The 14-pound MCV100 costs from $2835 to $3532, depending on functionality, versus about $30,000 for the typical hospital ventilator that weighs about 100 pounds and is tethered to fixed connections that make it immobile and, therefore, unavailable for use outside a hospital.
Also unlike a hospital ventilator, Allied's MCV100 can be powered by its internal rechargeable battery or ordinary electric power. The battery runs the ventilator for 21 hours if compressed oxygen is used. If compressed oxygen is not available, the battery will power the unit for seven hours. Auxiliary battery packs will be made available that will deliver 42 hours of run time when operated with compressed oxygen and 14 hours without compressed oxygen. Batteries recharge in five and 10 hours, respectively, for the internal battery and auxiliary pack.
"Allied will introduce another MCV ventilator in about two months that can run exclusively on compressed oxygen or air if that is the only power source available or be powered by AC current or internal battery," said Jack Dabrowski, Allied product manager for emergency products.

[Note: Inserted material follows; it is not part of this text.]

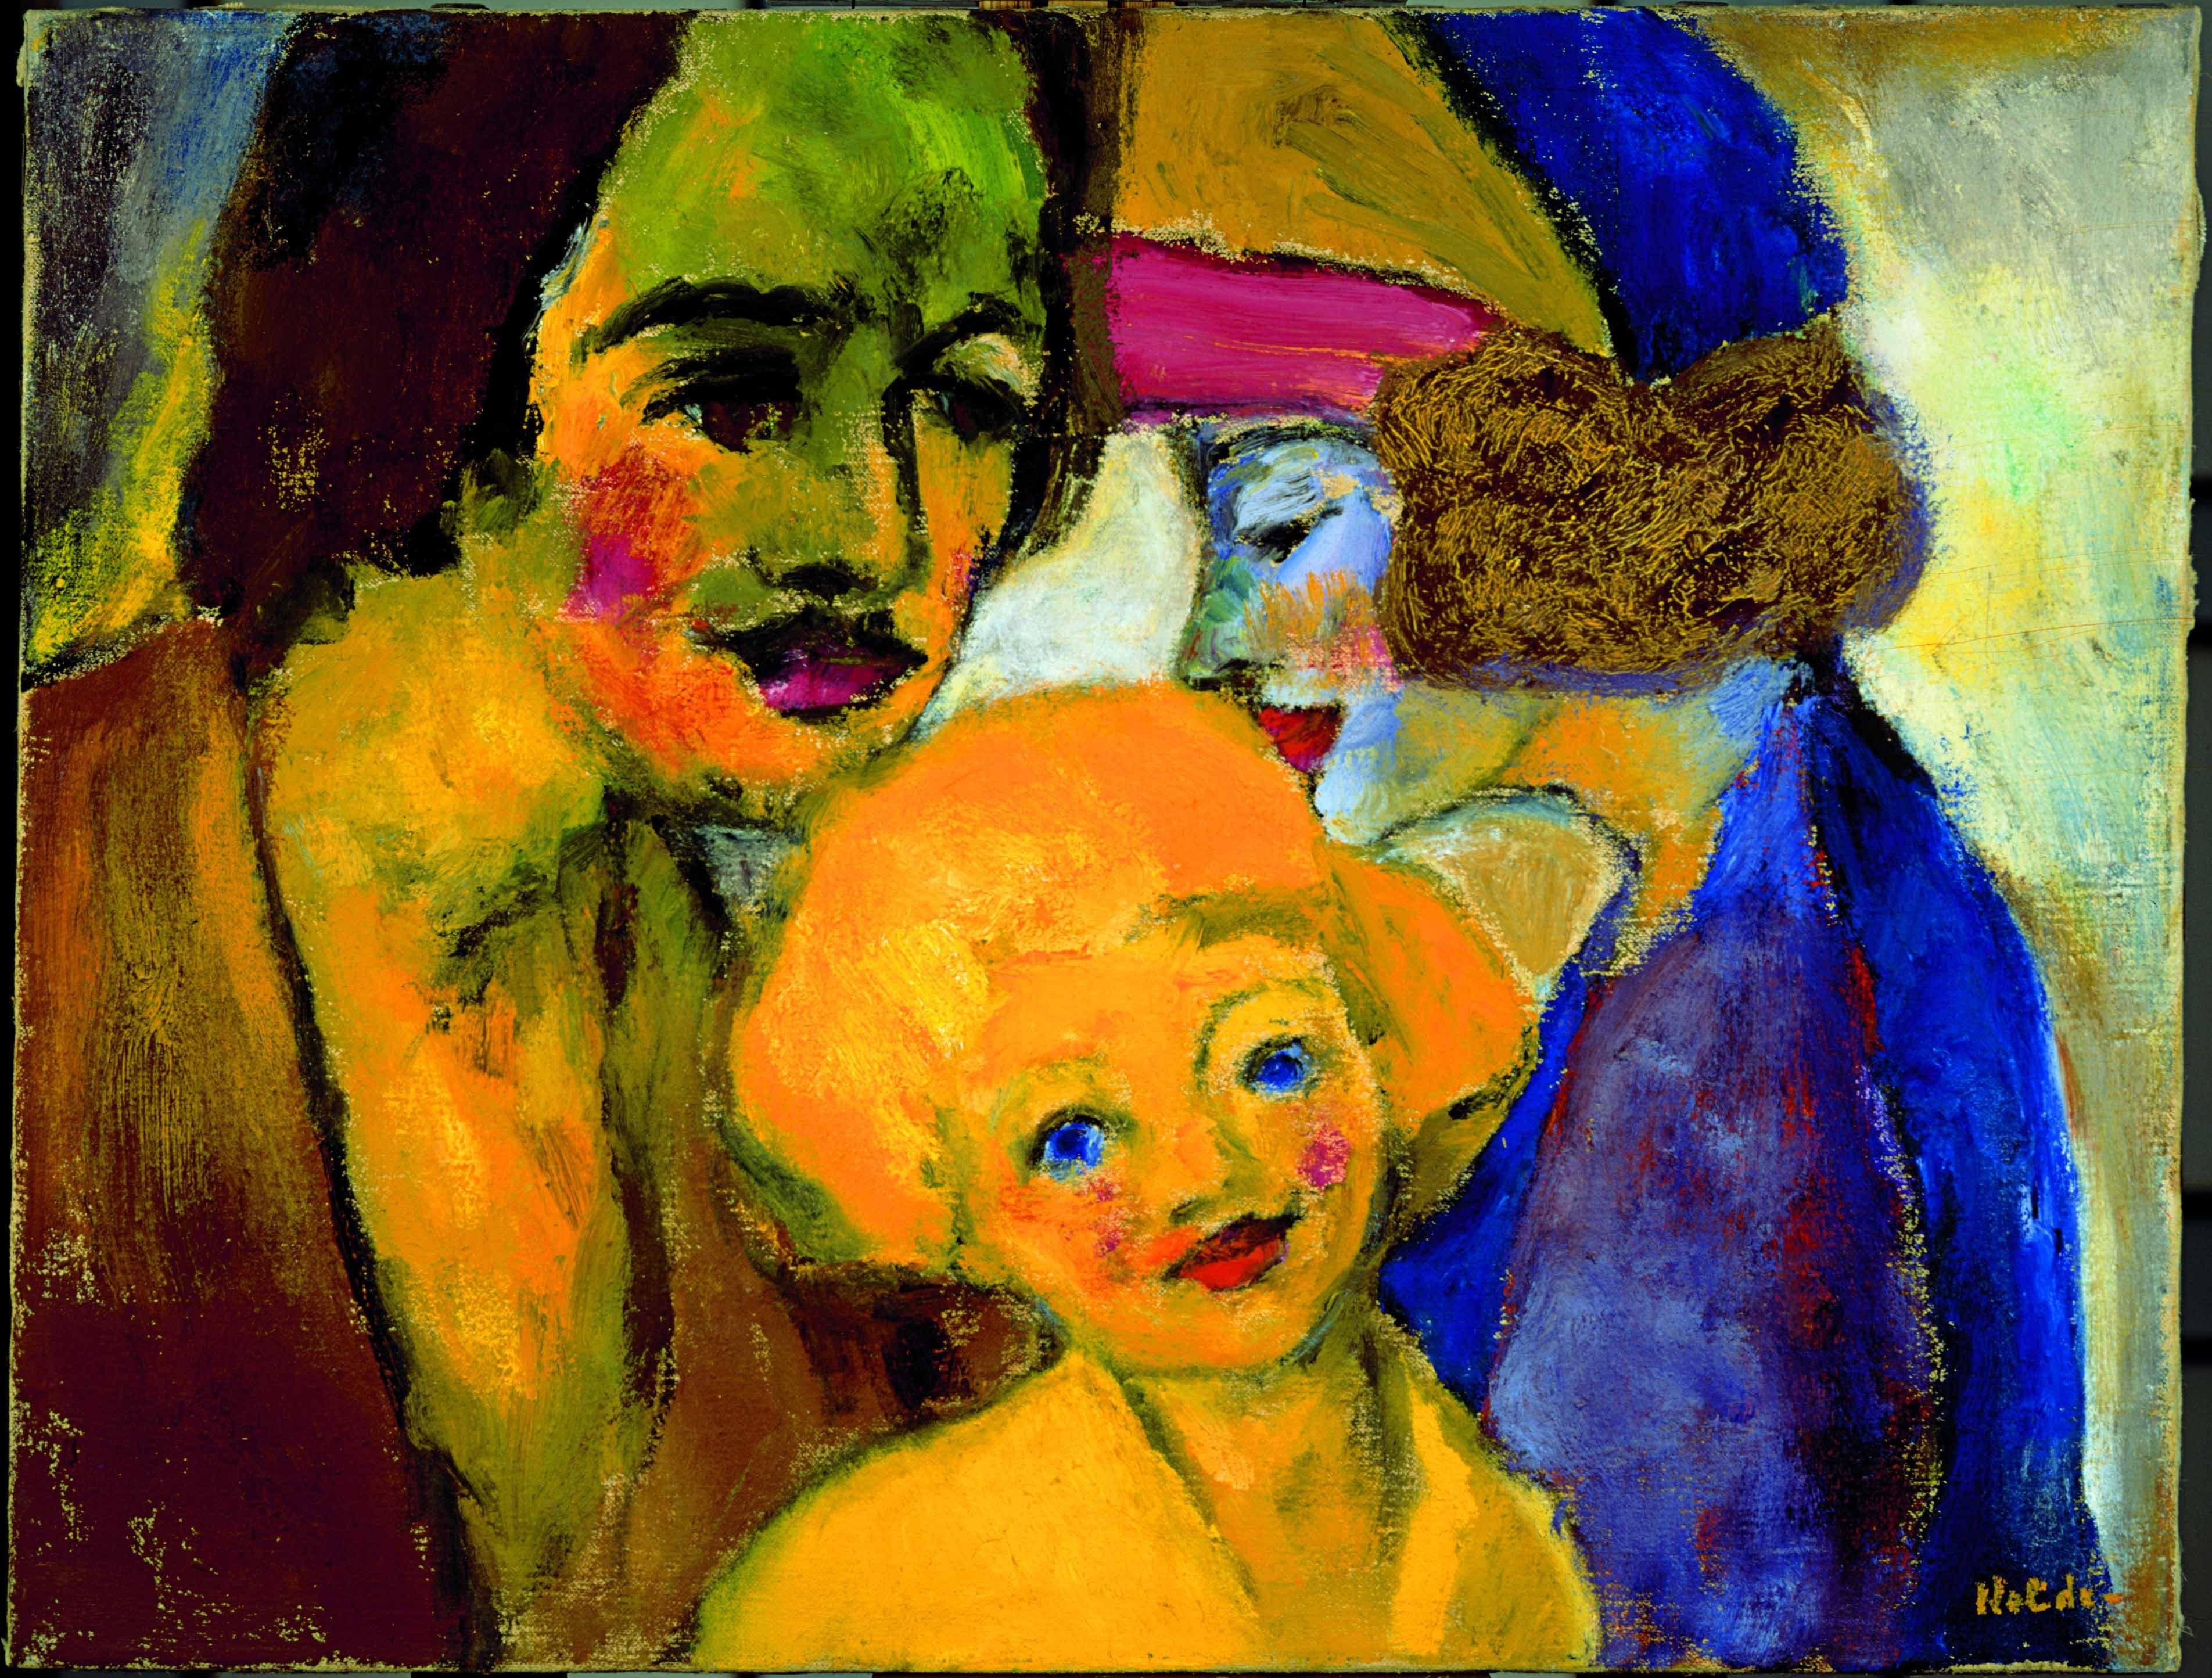 Erotic paintings of andrzej malinowski - 1 9
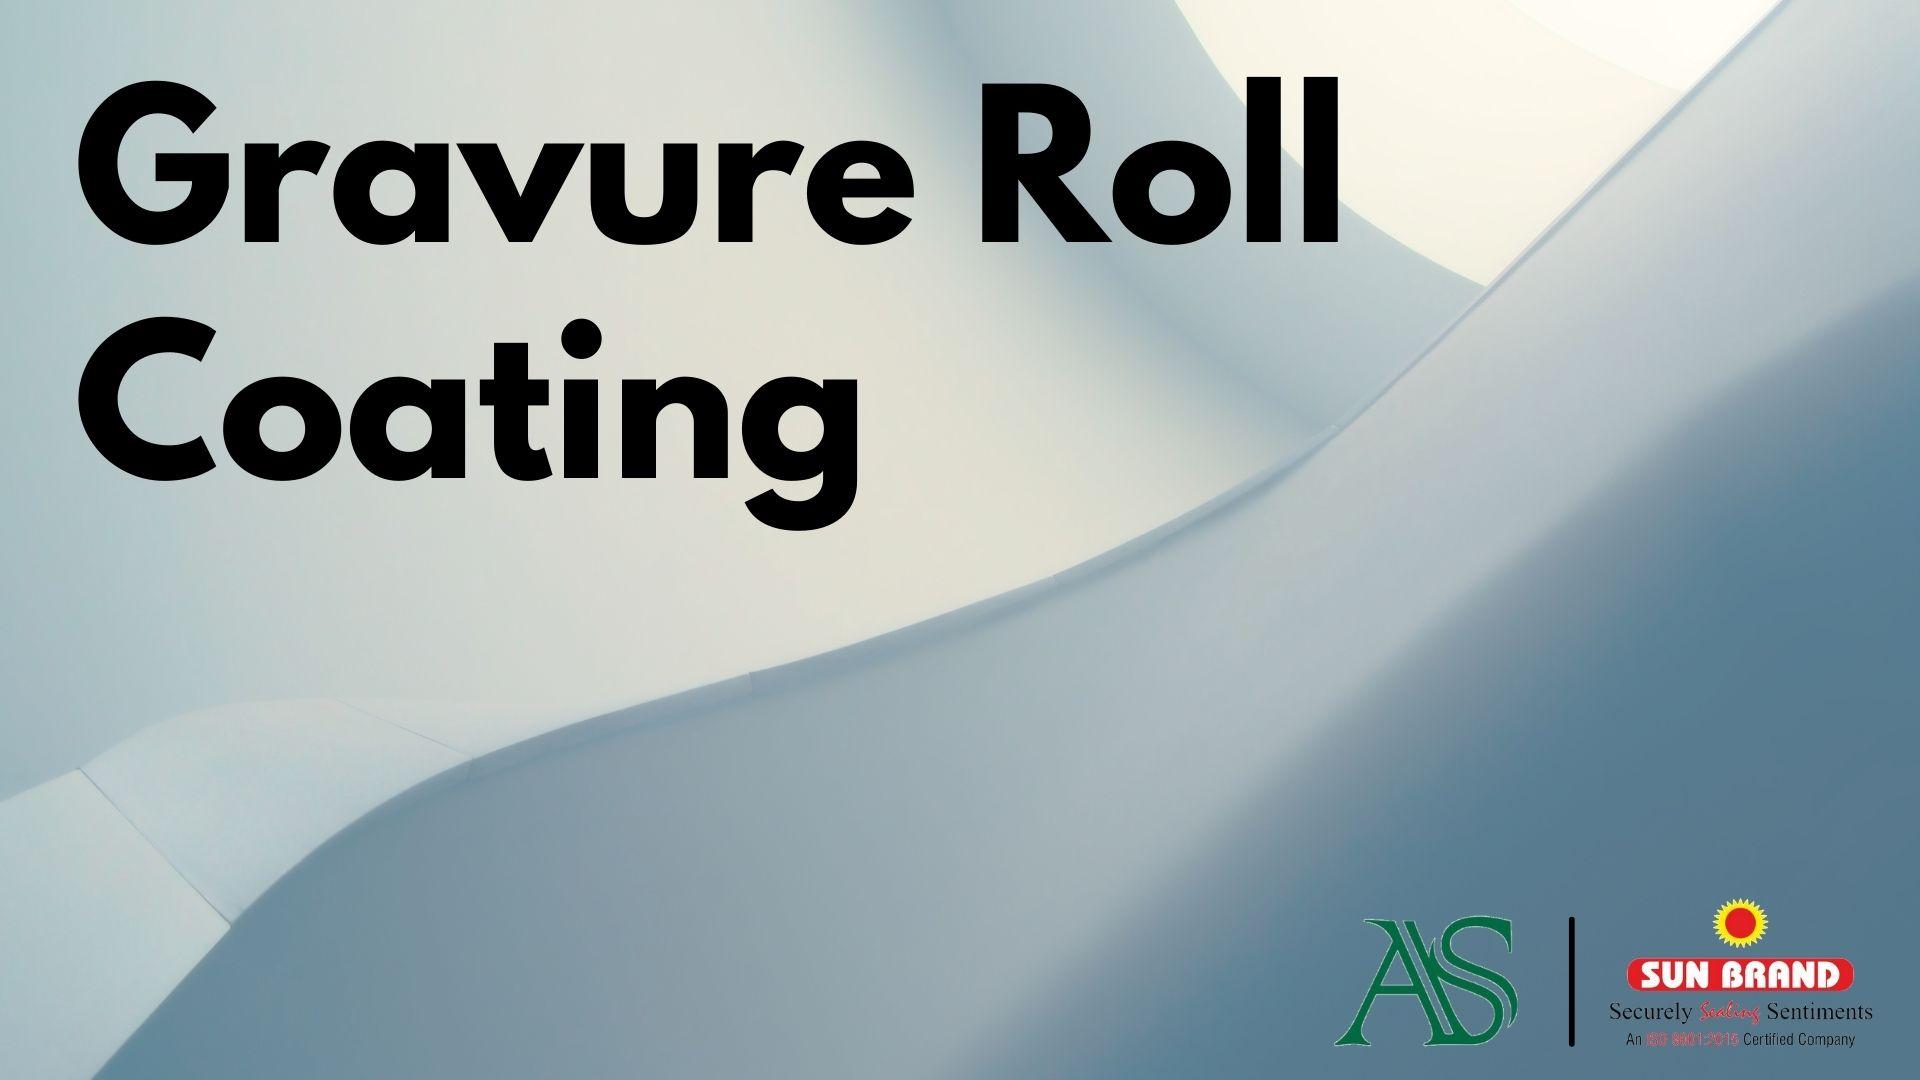 Gravure Roll Coating

The MCV100 offers tidal volume (the amount of air breathed in and out) settings of 200 to 1200 milliliters and eight to 20 breaths per minute, oxygen mixing capability, breath-assist function for spontaneous breathing, full array of audible and visual safety alarms and a rechargeable battery with a three-year shelf life, Dabrowski said.
The MCV100 meets all requirements in the American Association for Respiratory Care's "Guidelines for Acquisition of Ventilators to Meet Demands for Pandemic Flu and Mass Casualty Incidents" report of May 25, 2006.